─── Available data ───

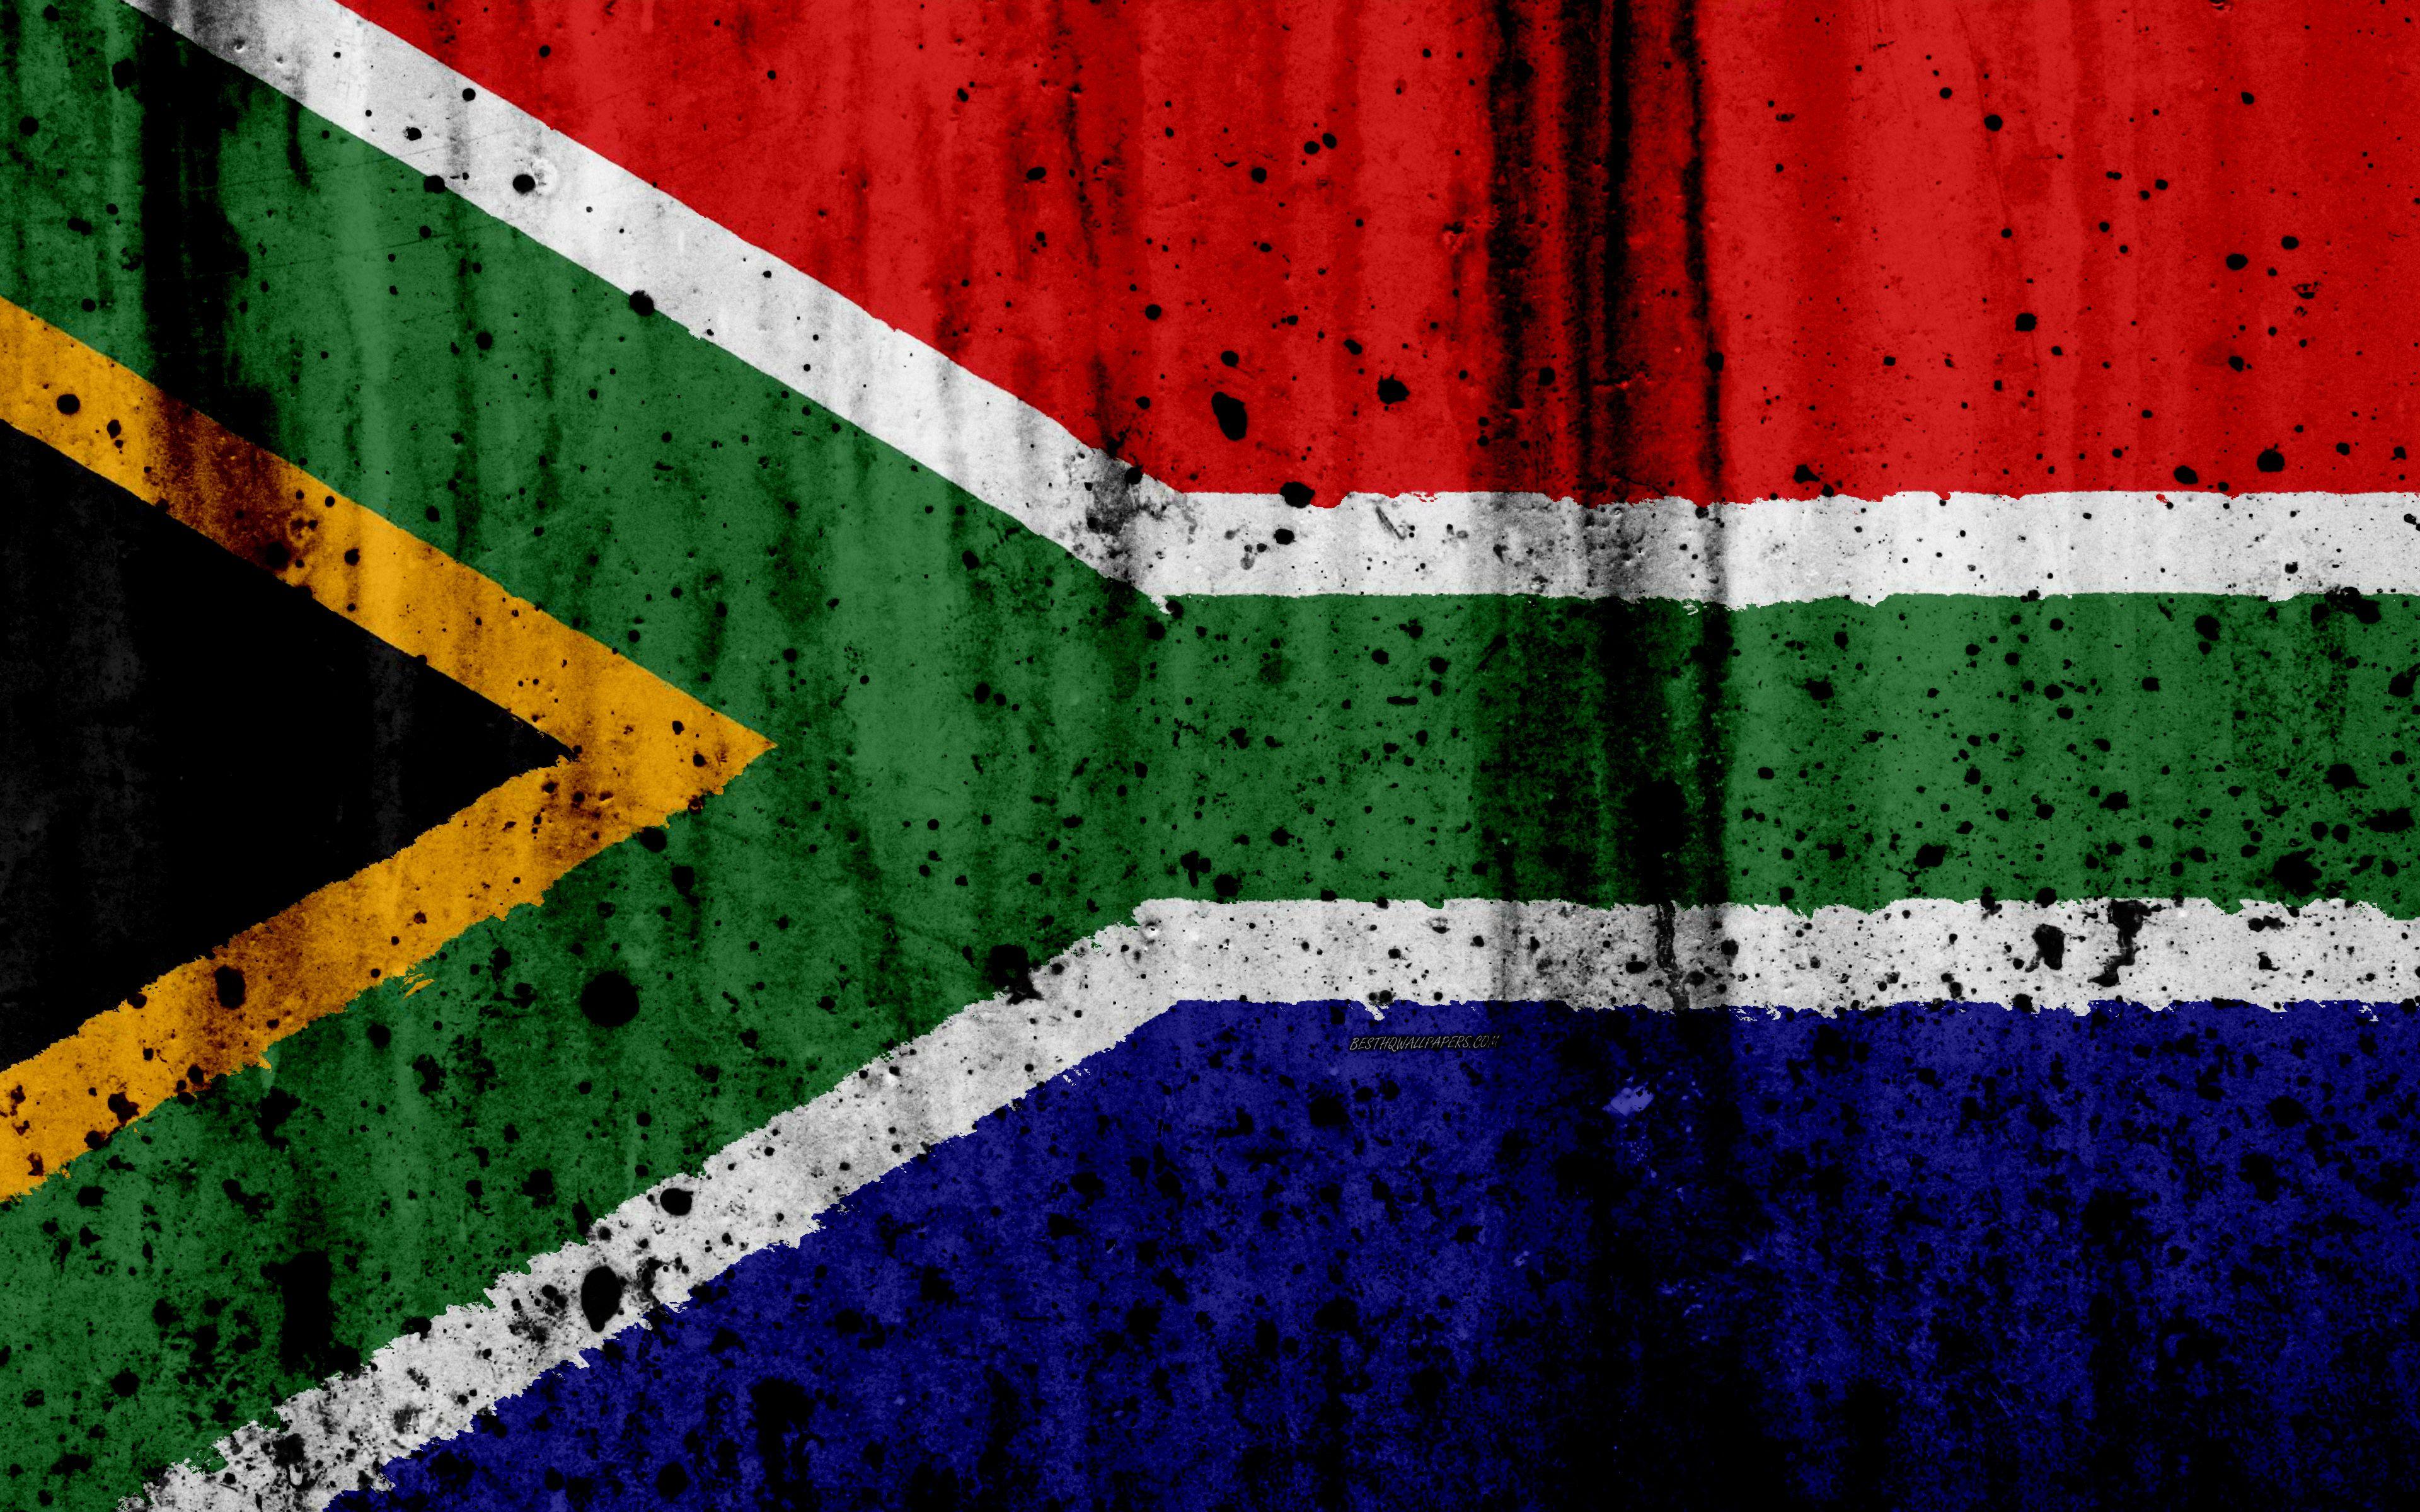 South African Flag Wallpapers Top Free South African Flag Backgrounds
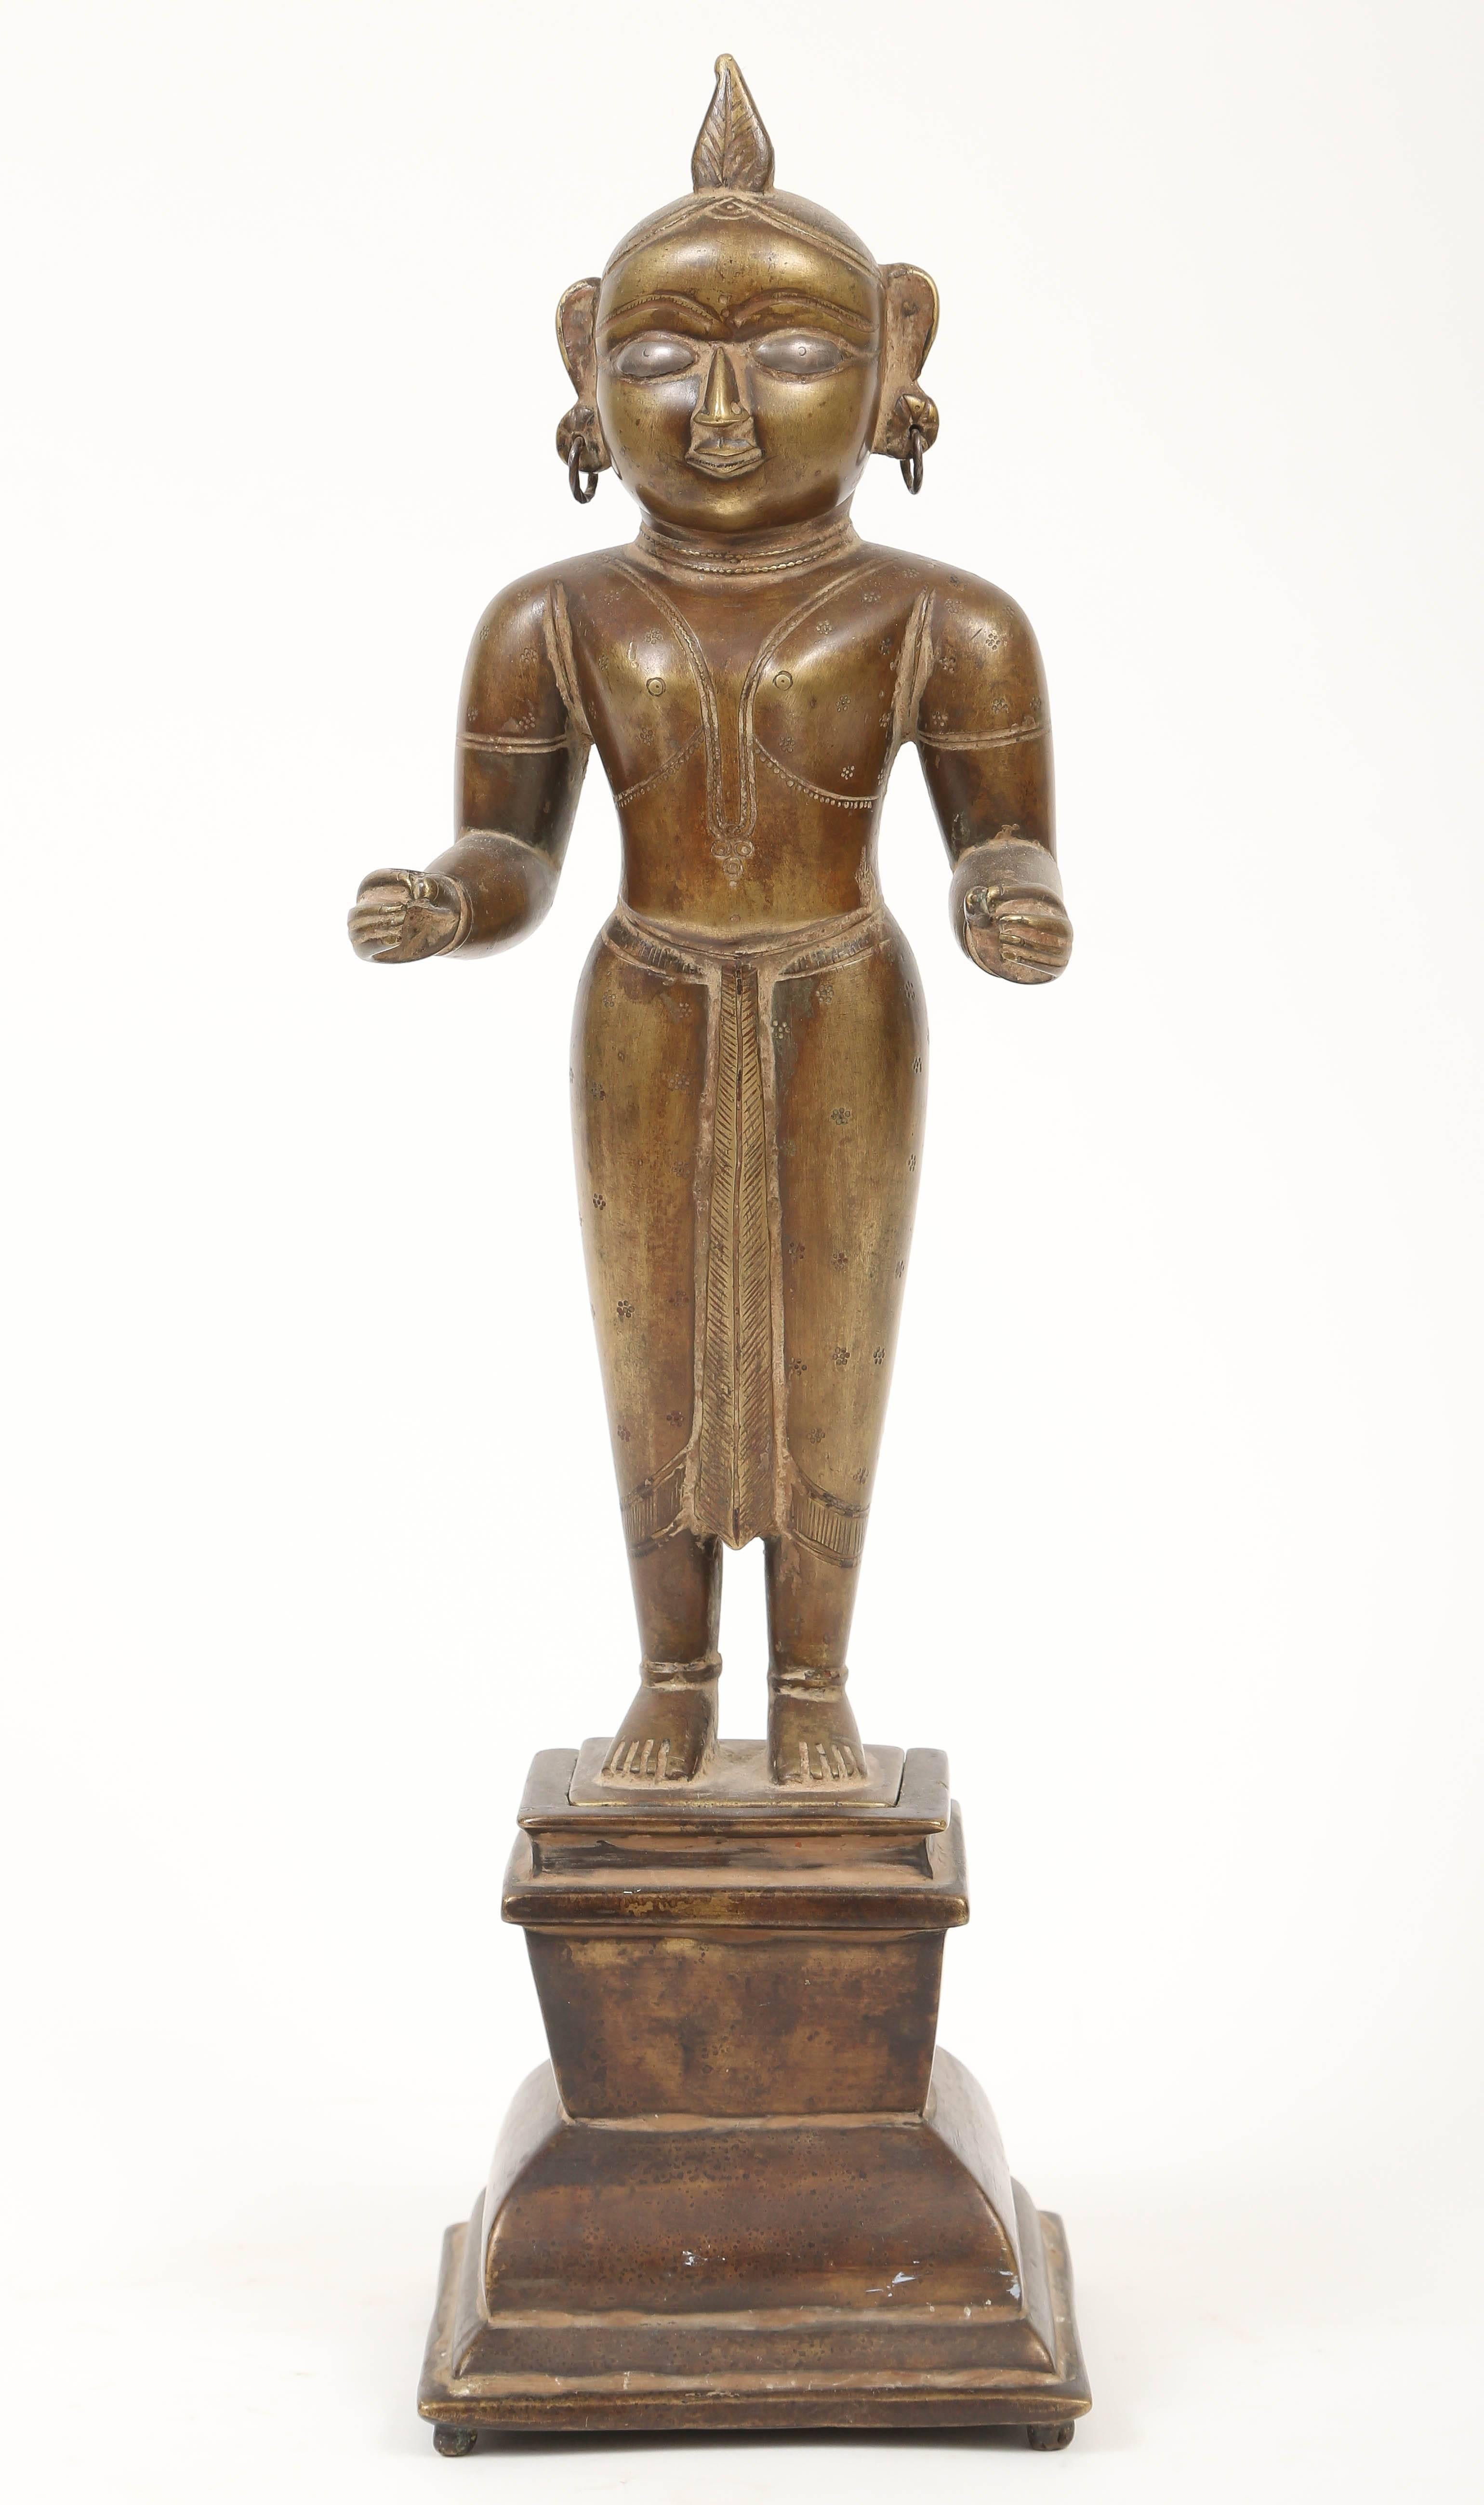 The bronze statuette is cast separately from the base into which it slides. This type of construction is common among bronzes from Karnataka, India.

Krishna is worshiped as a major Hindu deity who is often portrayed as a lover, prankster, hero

───

Output the data exactly as it is, with the pictures dropped.

Exercise solution:
 South African Flag Wallpapers Top Free South African Flag Backgrounds
 The bronze statuette is cast separately from the base into which it slides. This type of construction is common among bronzes from Karnataka, India.

Krishna is worshiped as a major Hindu deity who is often portrayed as a lover, prankster, hero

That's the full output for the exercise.